Self-referencing decorator function parameters

Thomas Dimson tdimson at gmail.com
Wed Apr 2 17:13:16 CEST 2008


On Apr 2, 10:31 am, George Sakkis <george.sak... at gmail.com> wrote:
> On Apr 2, 8:30 am, Thomas Dimson <tdim... at gmail.com> wrote:
>
>
>
>
>
> > Hello,
>
> > Originally I posted this as a bug but it was shot down pretty quickly.
> > I am still mildly curious about this as I'm missing a bit of
> > understanding of Python here. Why is it that the following code
> > snippet:
>
> > def decorator( call ):
> >     def inner(func):
> >         def application( *args, **kwargs ):
> >             call(*args,**kwargs)
> >             func(*args,**kwargs)
> >         return application
>
> >     return inner
>
> > class DecorateMe:
> >     @decorator( call=DecorateMe.callMe )
> >     def youBet( self ):
> >         pass
>
> >     def callMe( self ):
> >         print "Hello!"
>
> > DecorateMe().youBet()
>
> > Will not compile, giving:
> > Traceback (most recent call last):
> >   File "badpython.py", line 10, in <module>
> >     class DecorateMe:
> >   File "badpython.py", line 11, in DecorateMe
> >     @decorator( call=DecorateMe.callMe )
> > NameError: name 'DecorateMe' is not defined
>
> > Where if you change the "call=DecorateMe.callMe" to "call=lambda x:
> > DecorateMe.callMe(x)" everything goes along its merry way. Nesting the
> > call in a lambda seems to allow it to recognize the class definition.
> > Any ideas as to what is going on here (other than ugly code)?
>
> The error message is pretty obvious; when the
> "@decorator(call=DecorateMe.callMe)" line is reached, the DecorateMe
> class has not been created yet, let alone the DecorateMe.callMe
> method.
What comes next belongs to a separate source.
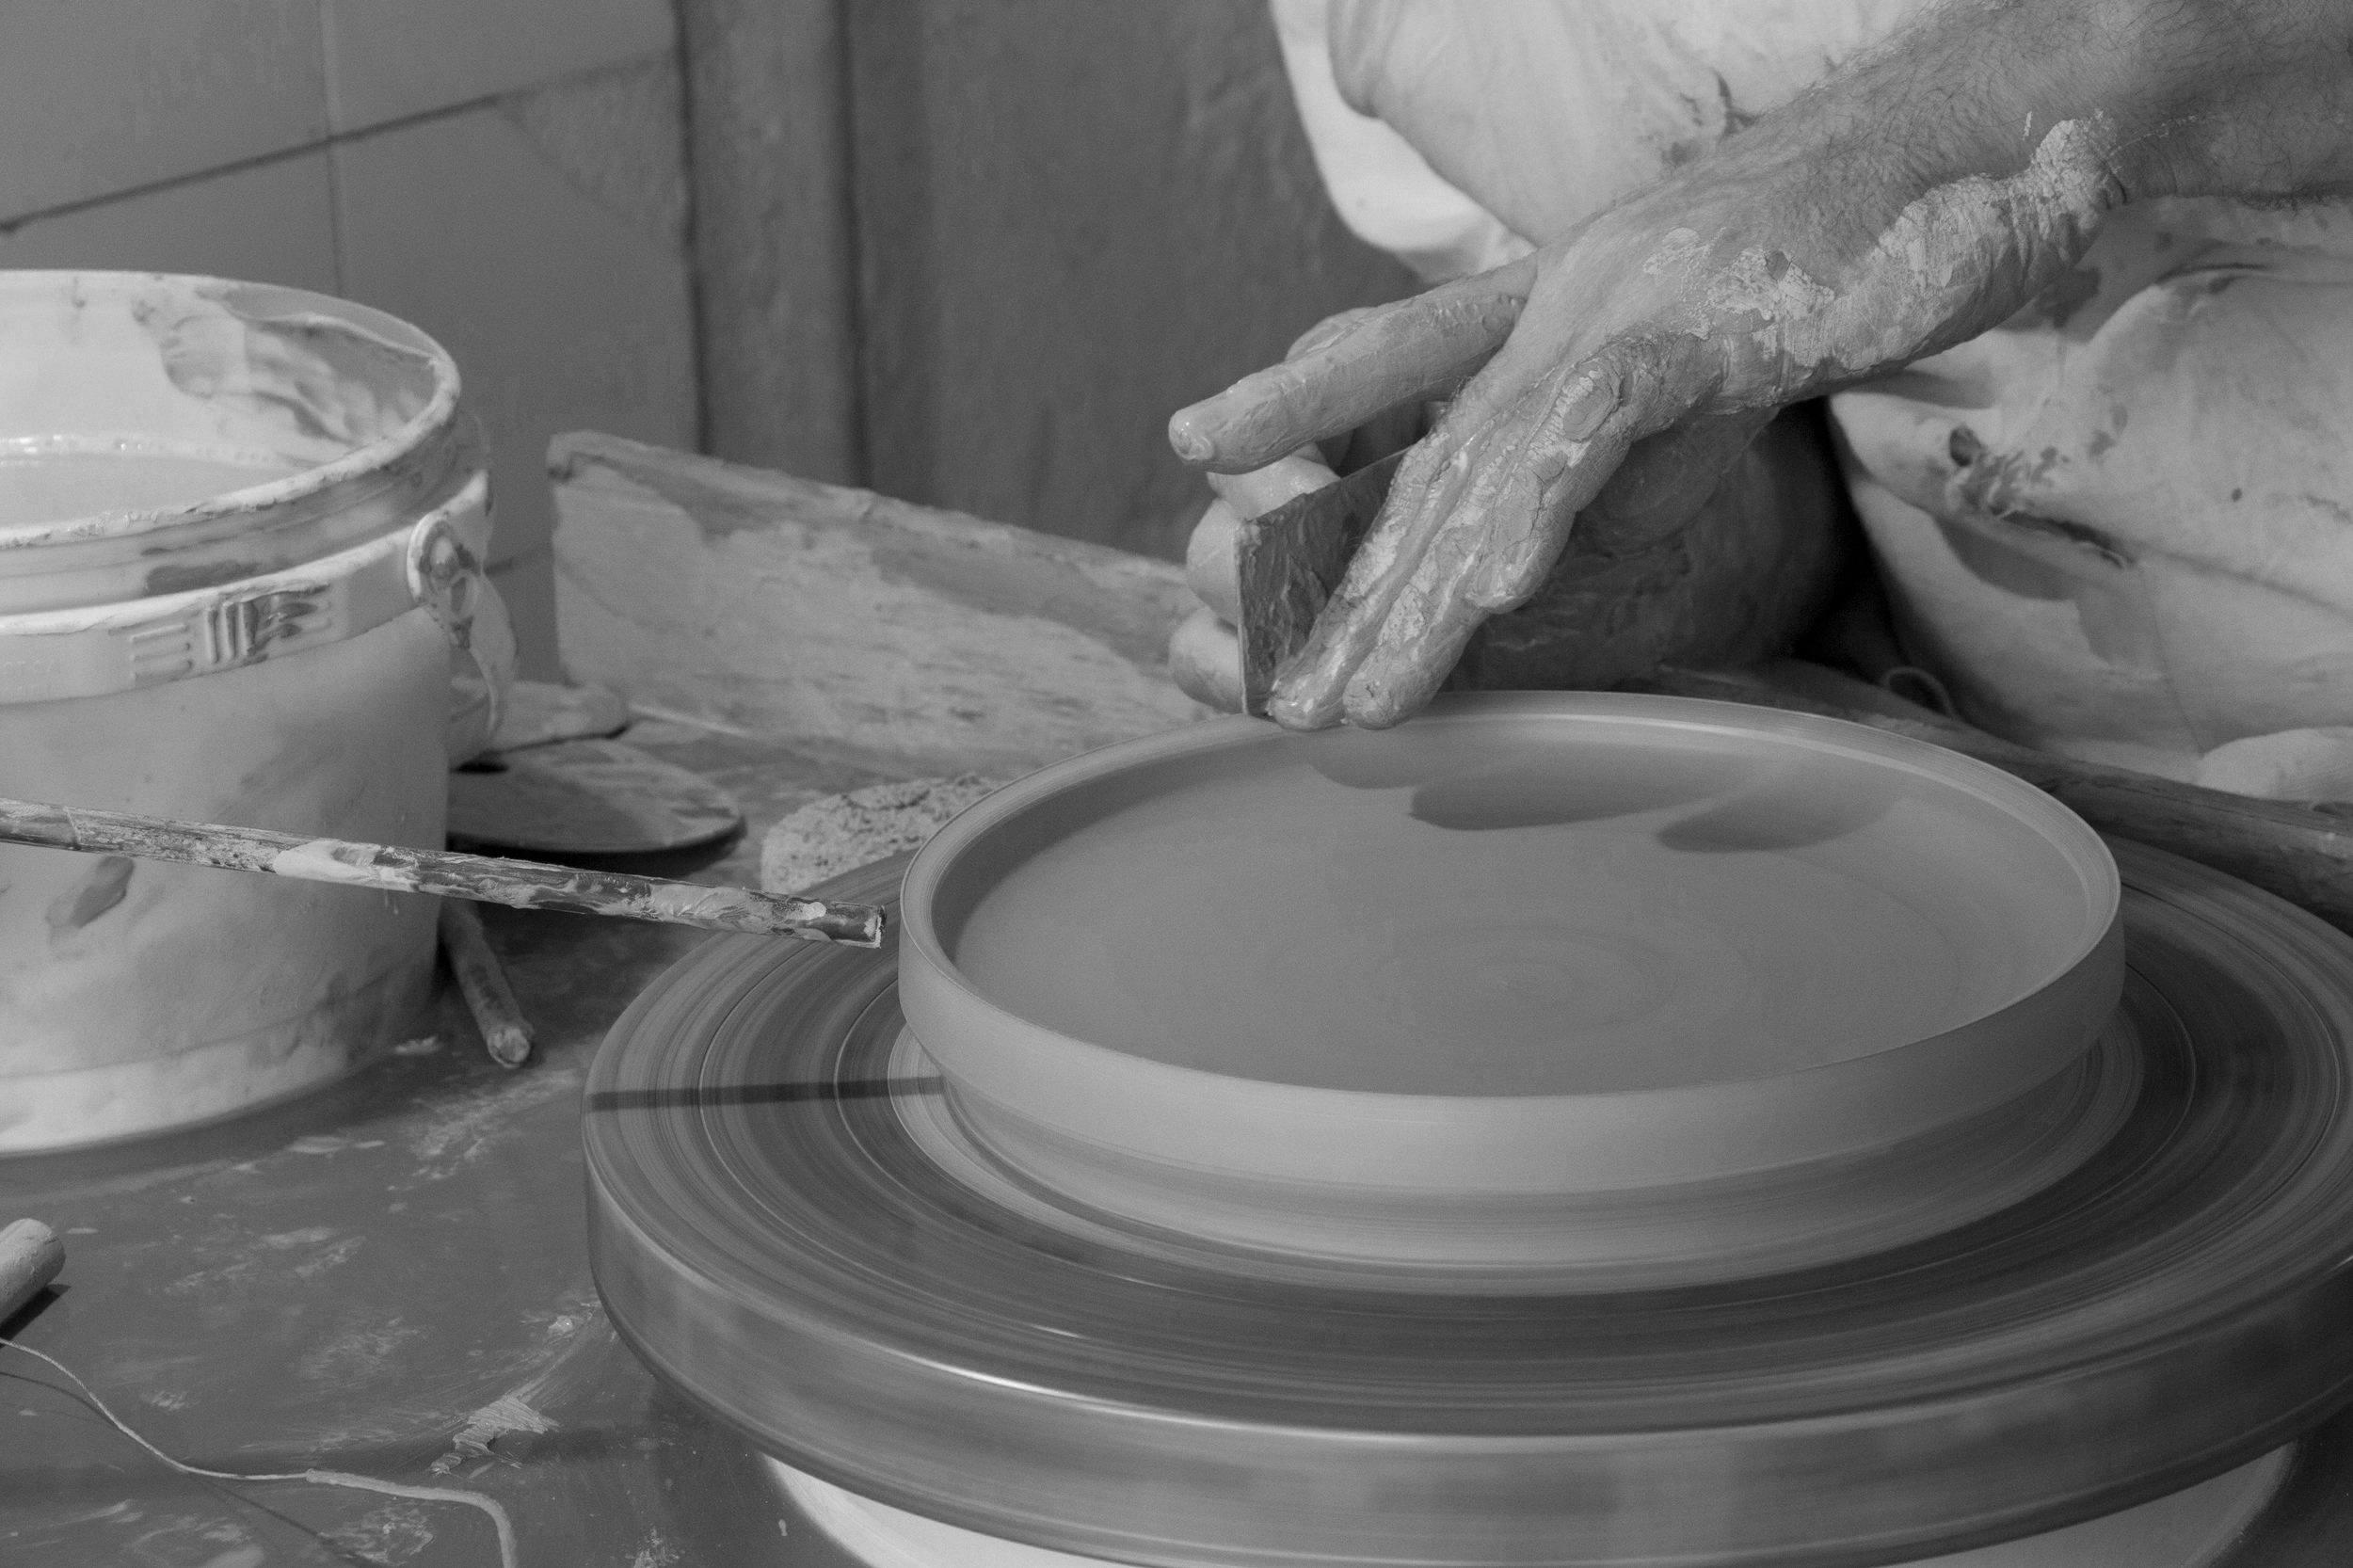 munoz-josefina-design-paysages-desertiques-ceramics-tray-tableware-9.jpg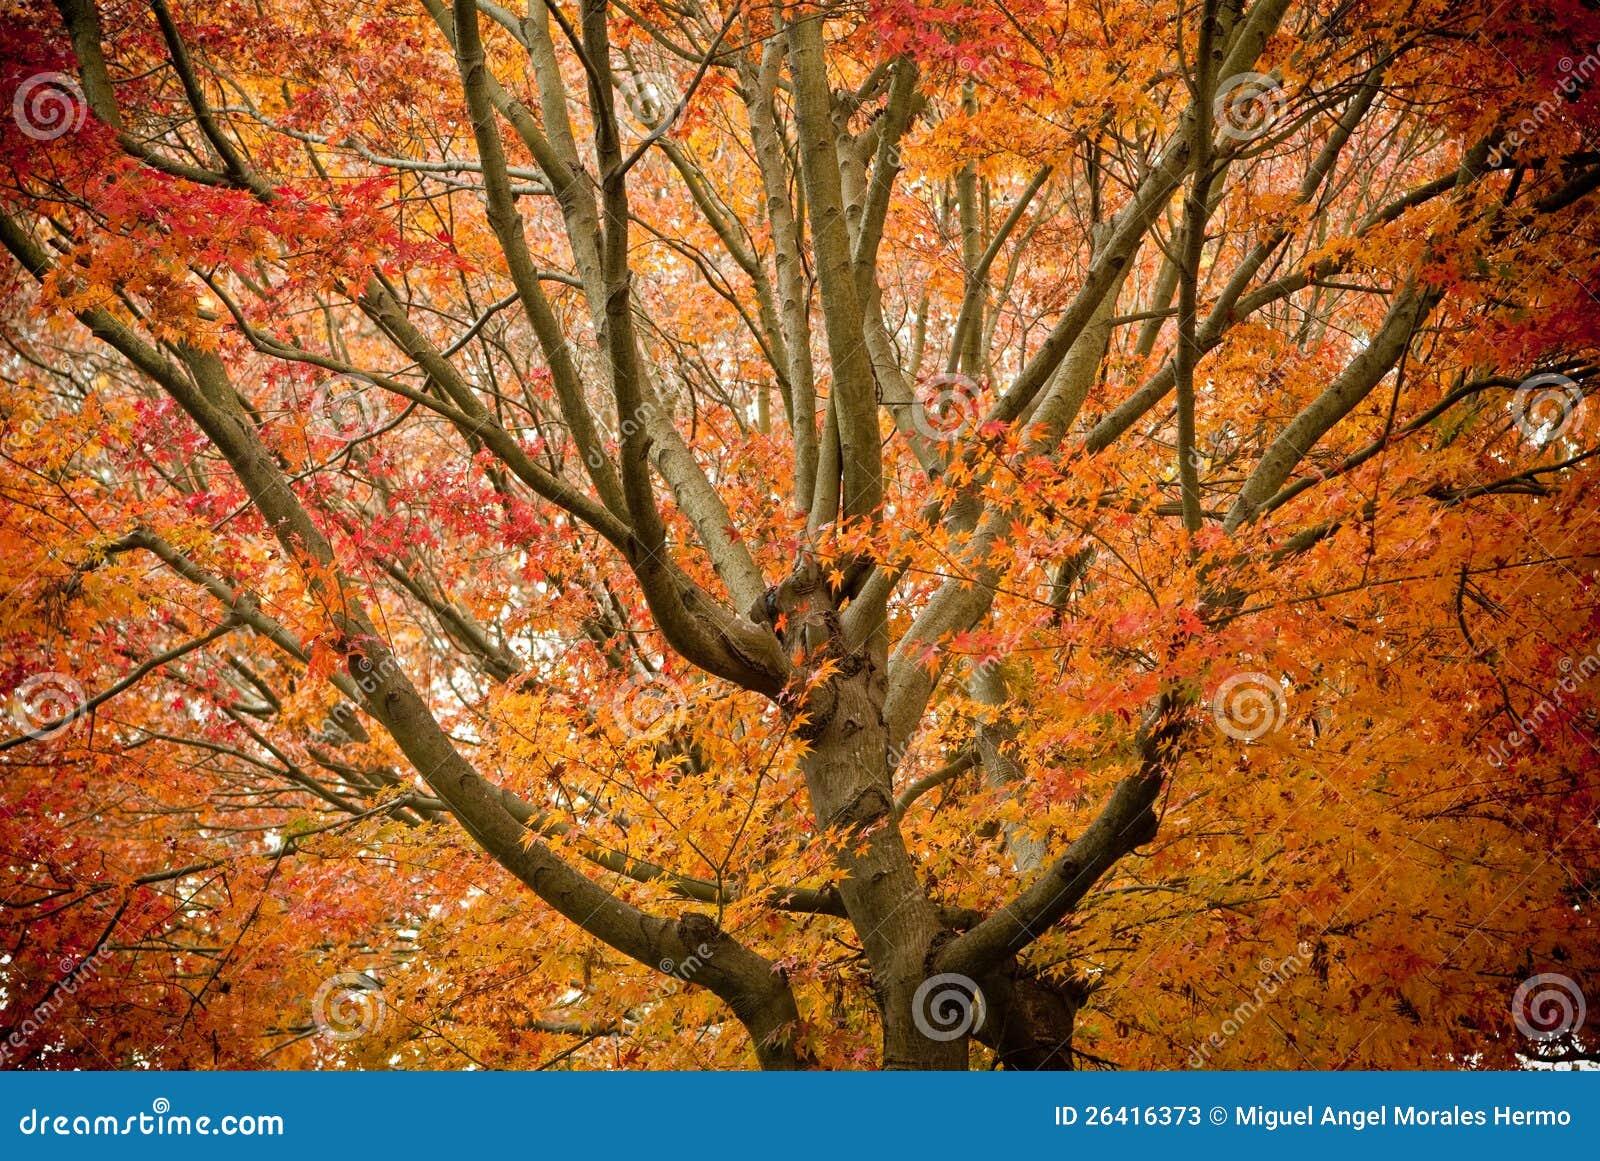 Esplendor del otoño

One way to make it work (for some definition of "work" ;-) is
> the following:
>
> # use "new-style" classes unless you have a good reason not to:
> # class DecorateMe(object):
> class DecorateMe:
>
>     def callMe(self):
>         print "Hello!"
>
>     @decorator(call=callMe)
>     def youBet(self):
>         pass
>
> The reason this works is that at the point where @decorator is
> executed, callMe is already in the temporary namespace to be used for
> creating the DecorateMe class (although the class itself is not built
> yet).
>
> A subtle point is that in this case callMe is a plain function, not an
> (unbound) method such as DecorateMe.callMe. This may or may not
> matter, depending on what you do with it in the decorator. Some
> decorators that work fine with plain functions break if they are used
> to decorate methods (or vice versa) so it's good to have this in mind
> when writing or debugging a decorator.
>
> George- Hide quoted text -
>
> - Show quoted text -

Thanks George, that was helpful.

I guess my real question is: why does wrapping the call to be
"call=lambda x: DecorateMe.callMe(x)" somehow fix the issue with this
temporary namespace? It seems strange to me that defining an
additional function (through lambda) would allow me to see/add more
members to the namespace.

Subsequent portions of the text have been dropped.